→ **Problem details**: Restate the full listing word for word and leave the pictures out.

→ **Supplied information**:
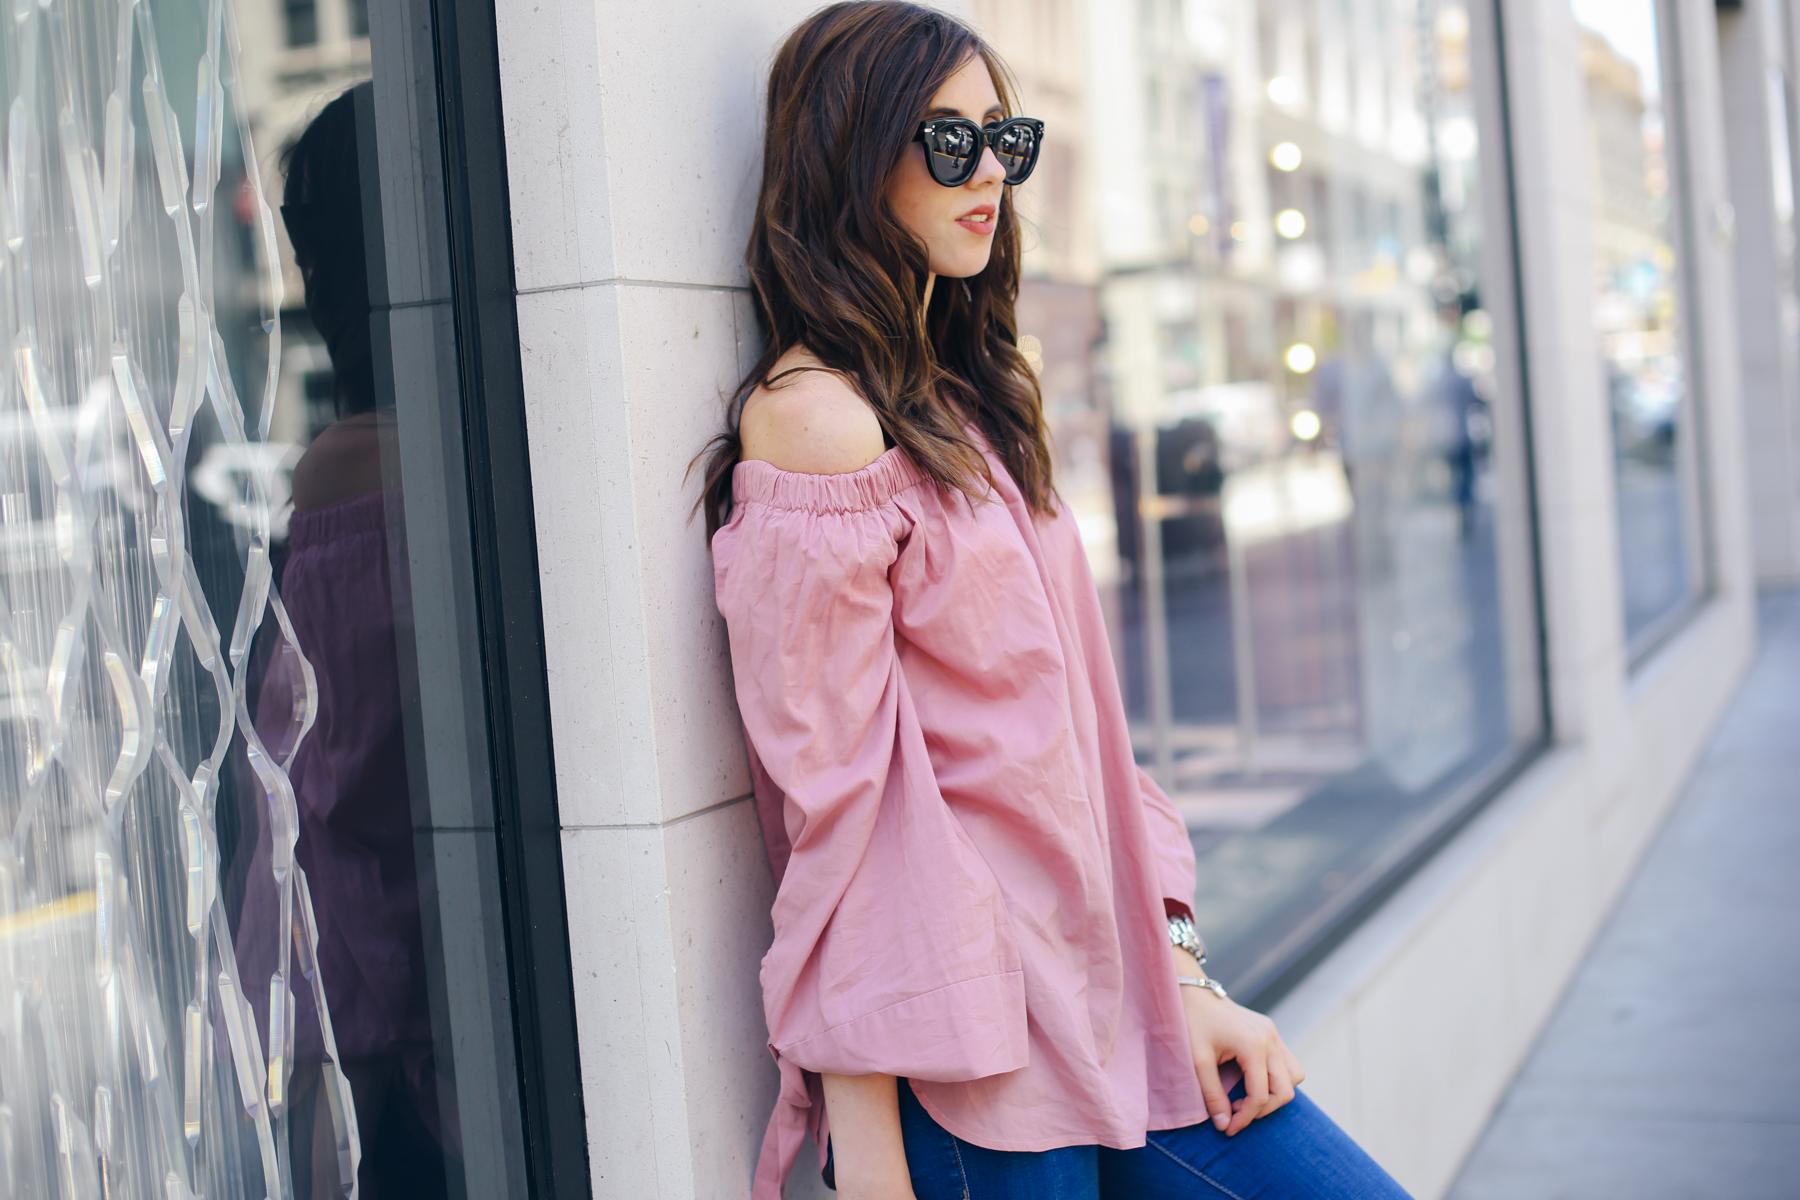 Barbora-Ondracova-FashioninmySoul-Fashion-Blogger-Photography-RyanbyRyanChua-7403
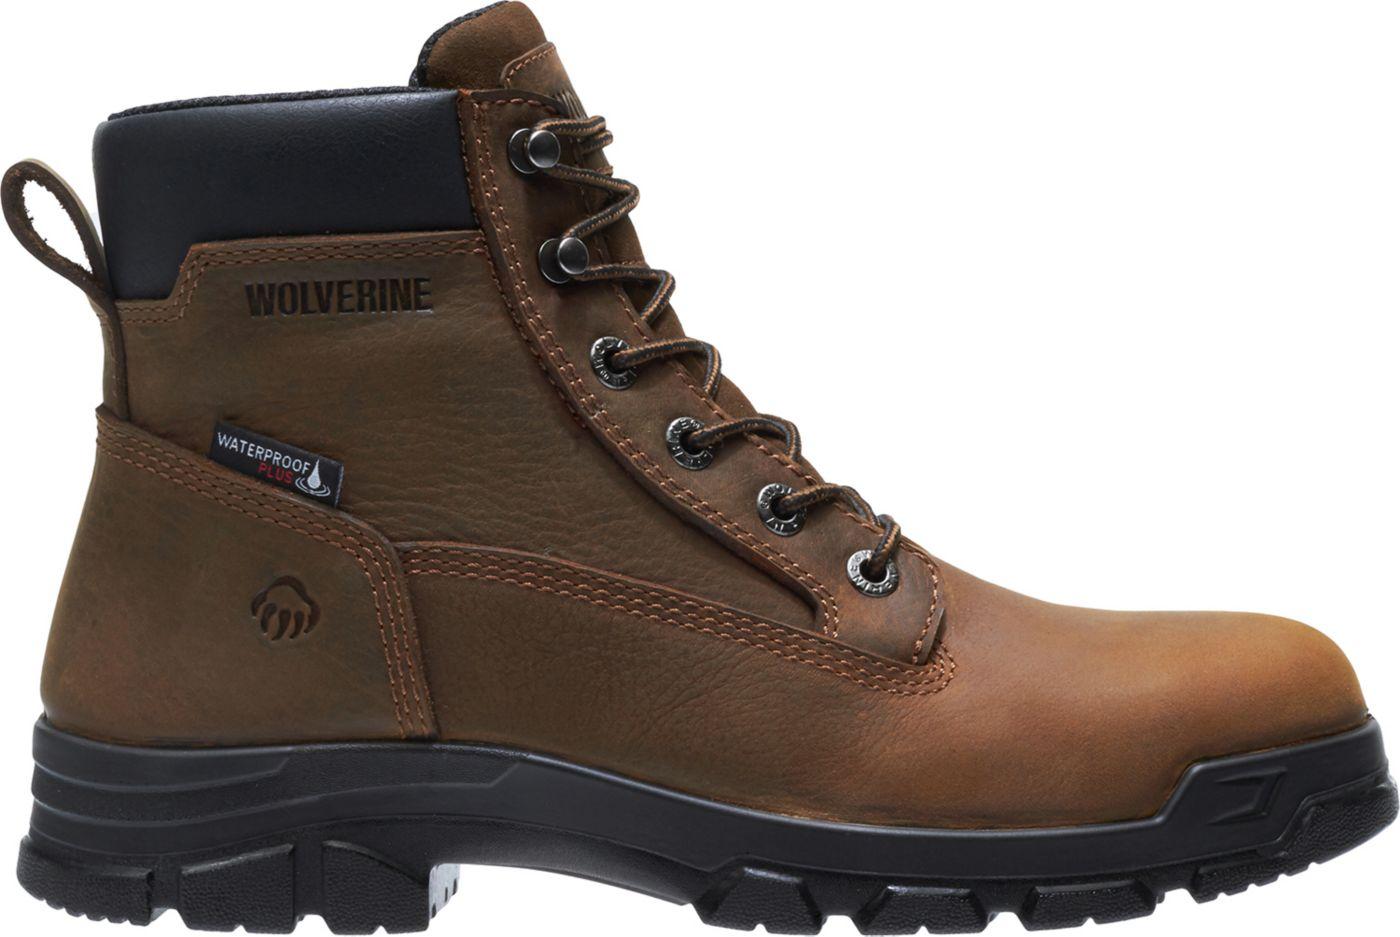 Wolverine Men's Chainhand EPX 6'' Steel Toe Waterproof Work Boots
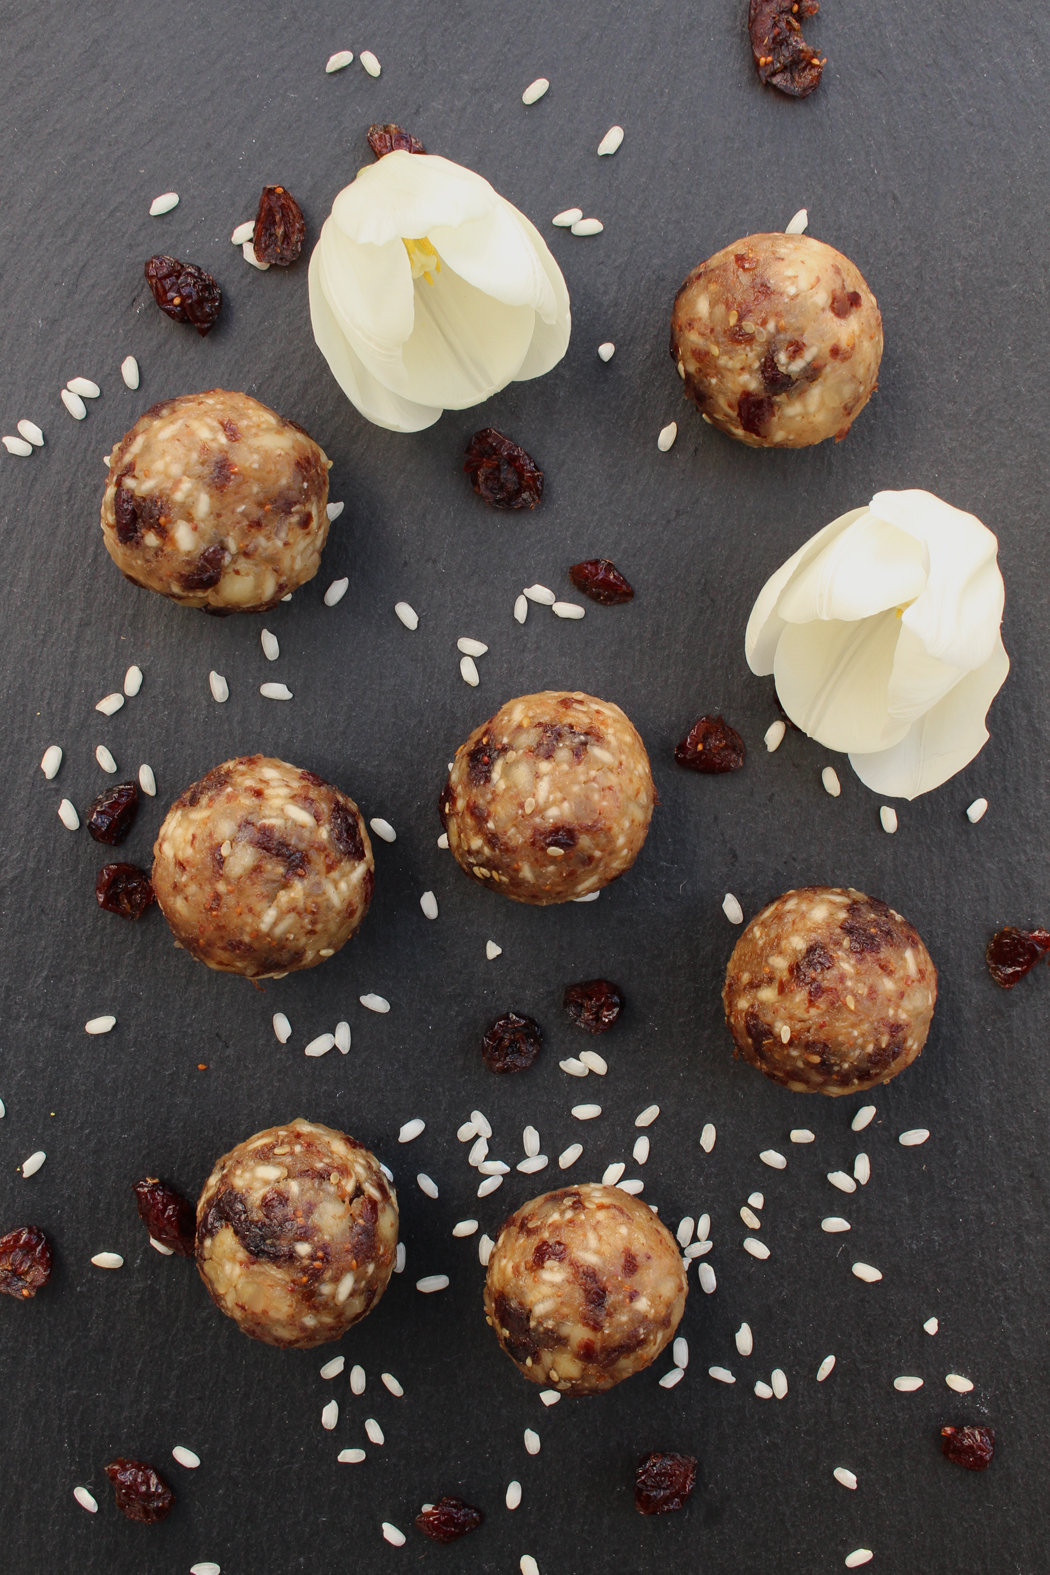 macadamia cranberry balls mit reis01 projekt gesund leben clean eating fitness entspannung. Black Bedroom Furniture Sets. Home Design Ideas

→ **Your response**:
 Barbora-Ondracova-FashioninmySoul-Fashion-Blogger-Photography-RyanbyRyanChua-7403
 Wolverine Men's Chainhand EPX 6'' Steel Toe Waterproof Work Boots
 macadamia cranberry balls mit reis01 projekt gesund leben clean eating fitness entspannung. Black Bedroom Furniture Sets. Home Design Ideas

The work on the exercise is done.